Member of the Maine Senate from the 14th district
- Incumbent
- Assumed office March 10, 2021
- Preceded by: Shenna Bellows

Member of the Maine House of Representatives from the 81st district
- In office December 5, 2012 – December 2, 2020
- Preceded by: Patrick Flood
- Succeeded by: Tavis Hasenfus

Personal details
- Born: December 8, 1967 (age 58) Madison, Wisconsin
- Party: Democratic
- Alma mater: Harvard University
- Profession: Farmer Author Performance artist
- Website: Personal website

= Craig Hickman =

American politician (born 1967)

Craig V. Hickman (born December 8, 1967) is an American writer, farmer, and Democratic politician from Maine currently representing Maine Senate District 14. He served in the 126th Maine House of Representatives as the representative for Maine's 82nd district from 2012-2018. Hickman won his 2012 primary election by nearly 80%, and campaigned on ending hunger, eliminating regulations for small farms and businesses, and investing in sustainable energy initiatives. Hickman was elected to the Maine Senate in a 2021 special election, succeeding Shenna Bellows.

==Early life and career==
Hickman was born in Madison, Wisconsin, on December 8, 1967. He is of African-American heritage. He attended high-school at Rufus King High School in Milwaukee, Wisconsin, where he was valedictorian. Hickman attended college at Harvard University, graduating in 1990 with a bachelor's degree in Government. He first ran for the Maine House in 2010, losing to incumbent Patrick Flood. In 2012 he won his primary election by a sizable margin, and then the general election on November 6, 2012, beating Republican Scott Davis 59%–41%. Two years later, in the midst of a Republican wave, Hickman won re-election against Republican Lee Fellman by a landslide margin, 65%-35%.
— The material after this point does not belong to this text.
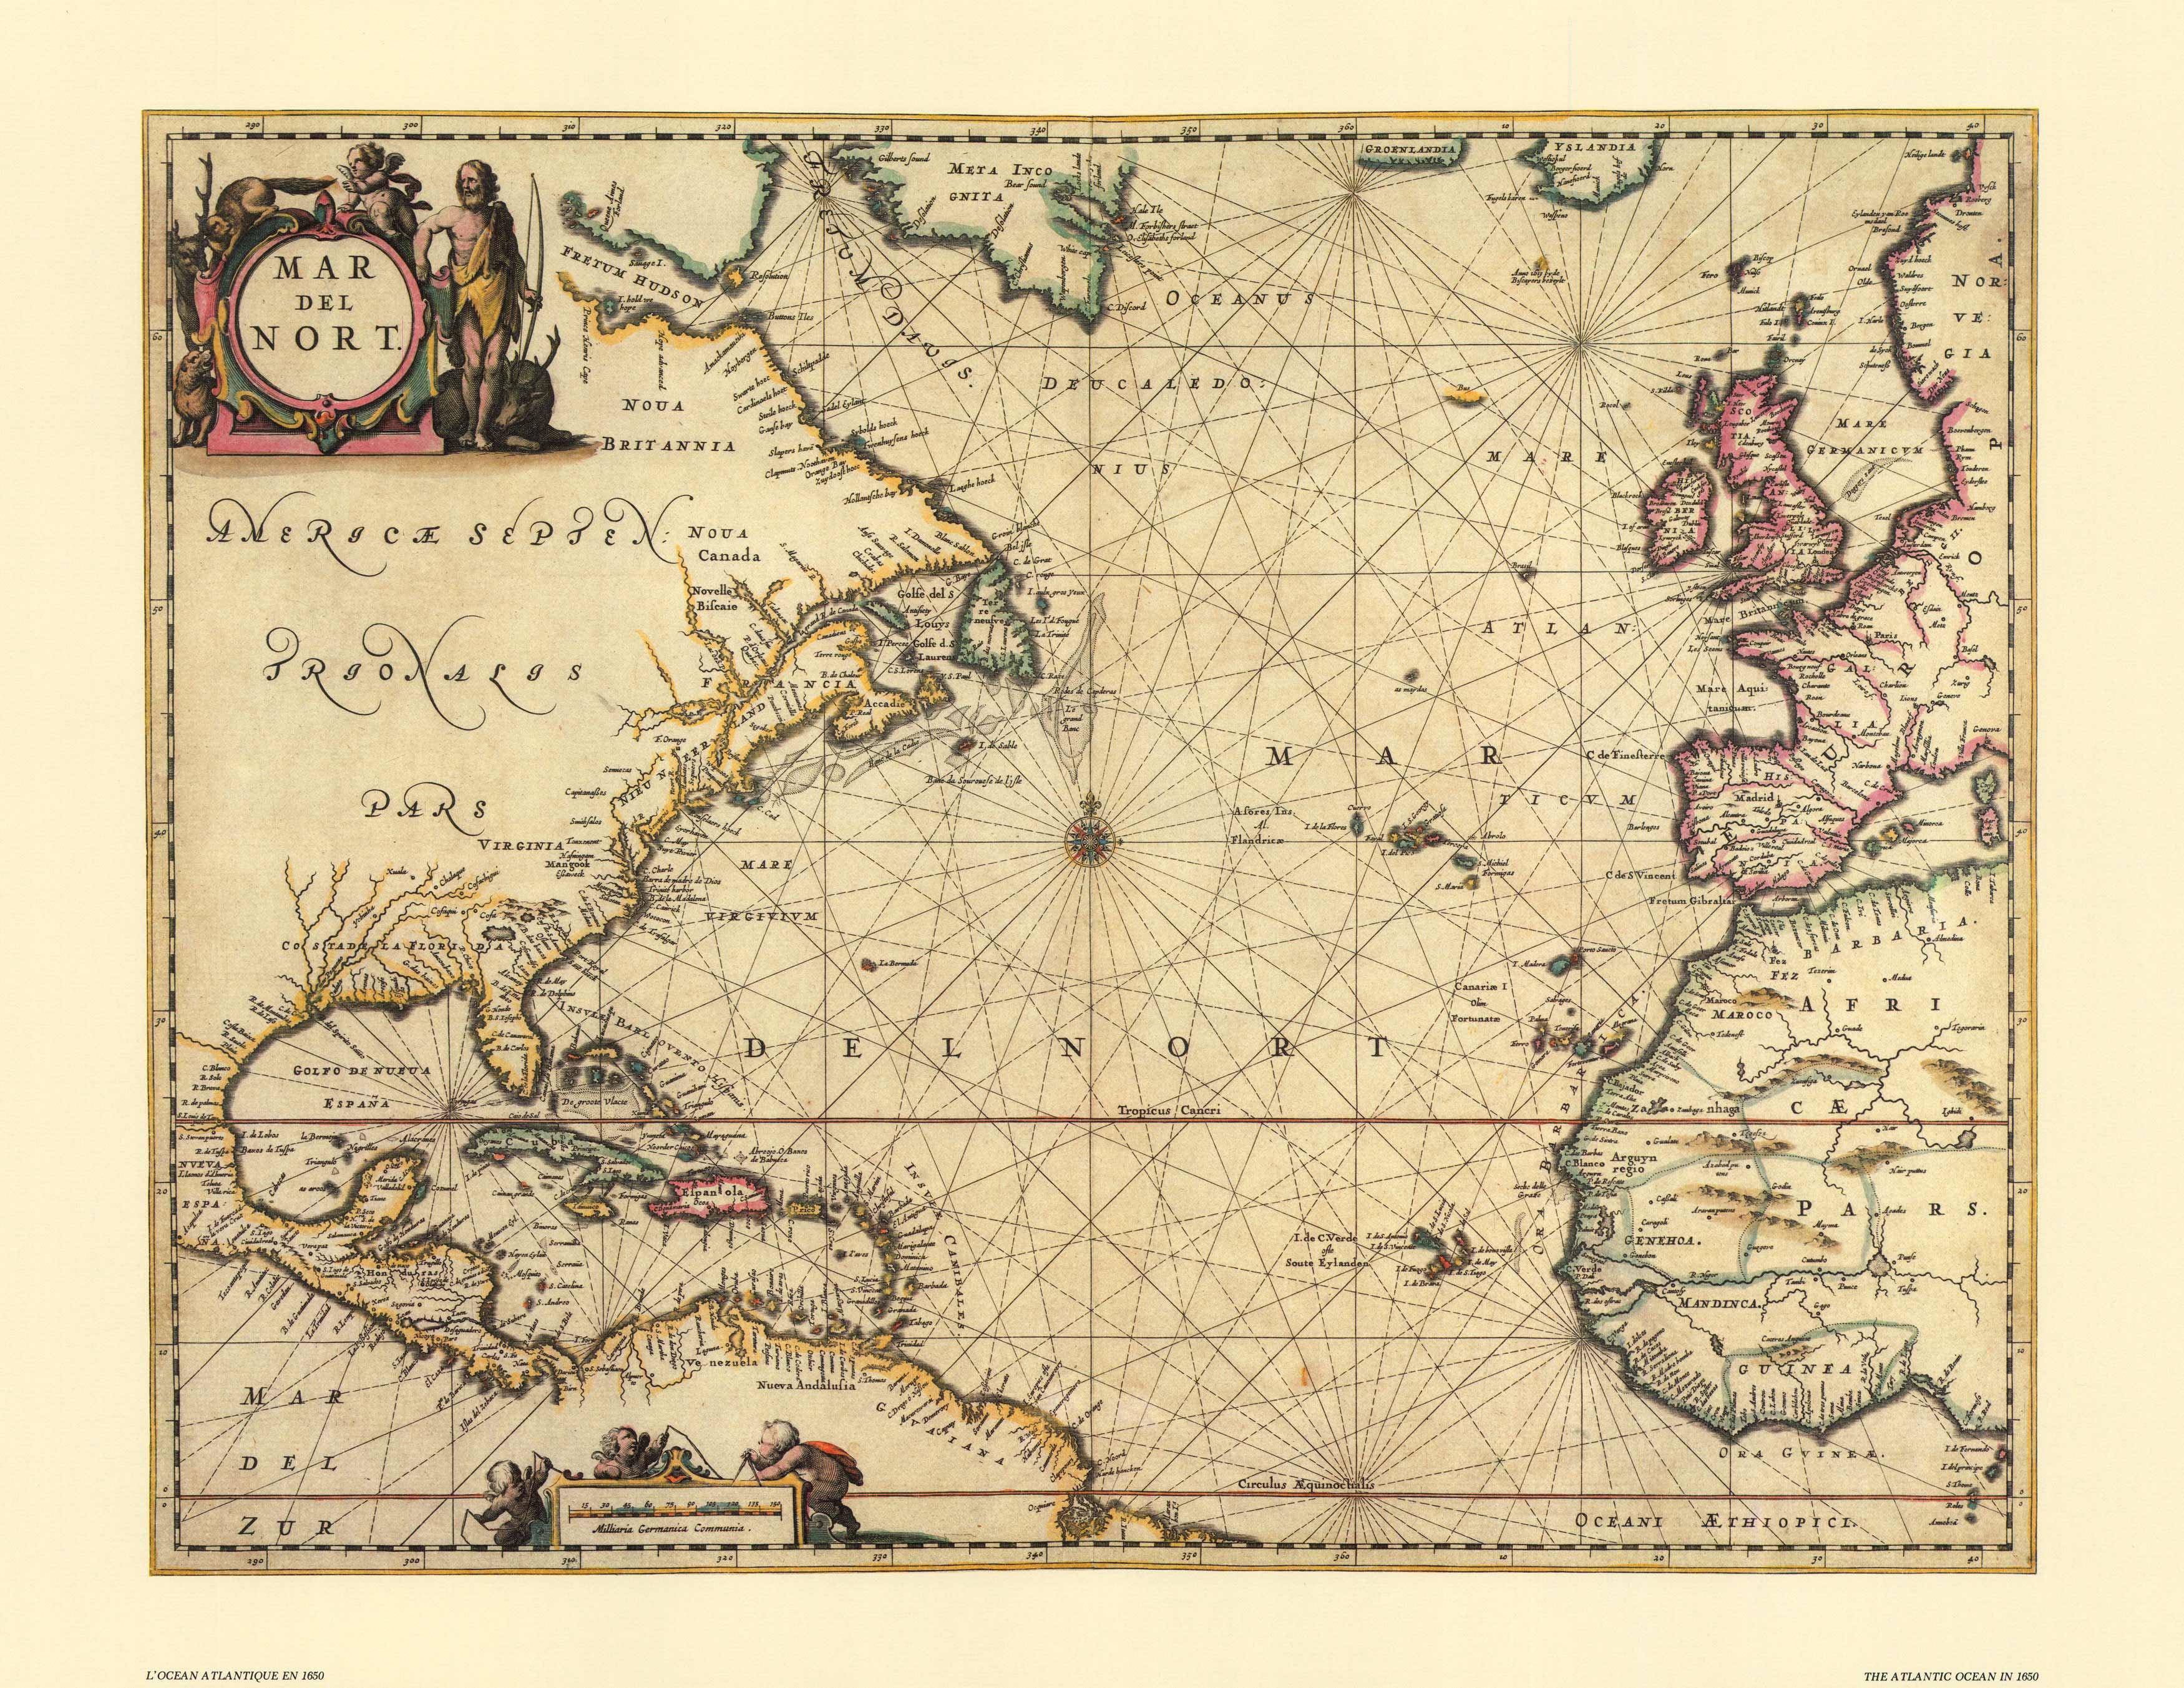 The Atlantic Ocean in 1650

Hickman spoke about his farm and announced the delegates earned by Joe Biden and Bernie Sanders in the 2020 Maine Democratic presidential primary at the 2020 Democratic National Convention roll call.

==Personal life==
Hickman currently lives in Winthrop, Maine, with his husband, Jop Blom. He is one of six openly gay members of the Maine Legislature, alongside Sen. Justin Chenette (D–Saco) and Reps. Matt Moonen (D–Portland), Ryan Fecteau (D–Biddeford), Lois Galgay Reckitt (D–South Portland) and Andrew McLean (D–Gorham).

He operates the 25-acre historic Annabessacook Farm Bed & Breakfast, where he regularly serves free meals to underprivileged citizens. Hickman also writes one of the top-ranked independent sports blogs on the internet, and is past President of the Winthrop Area Rotary Club.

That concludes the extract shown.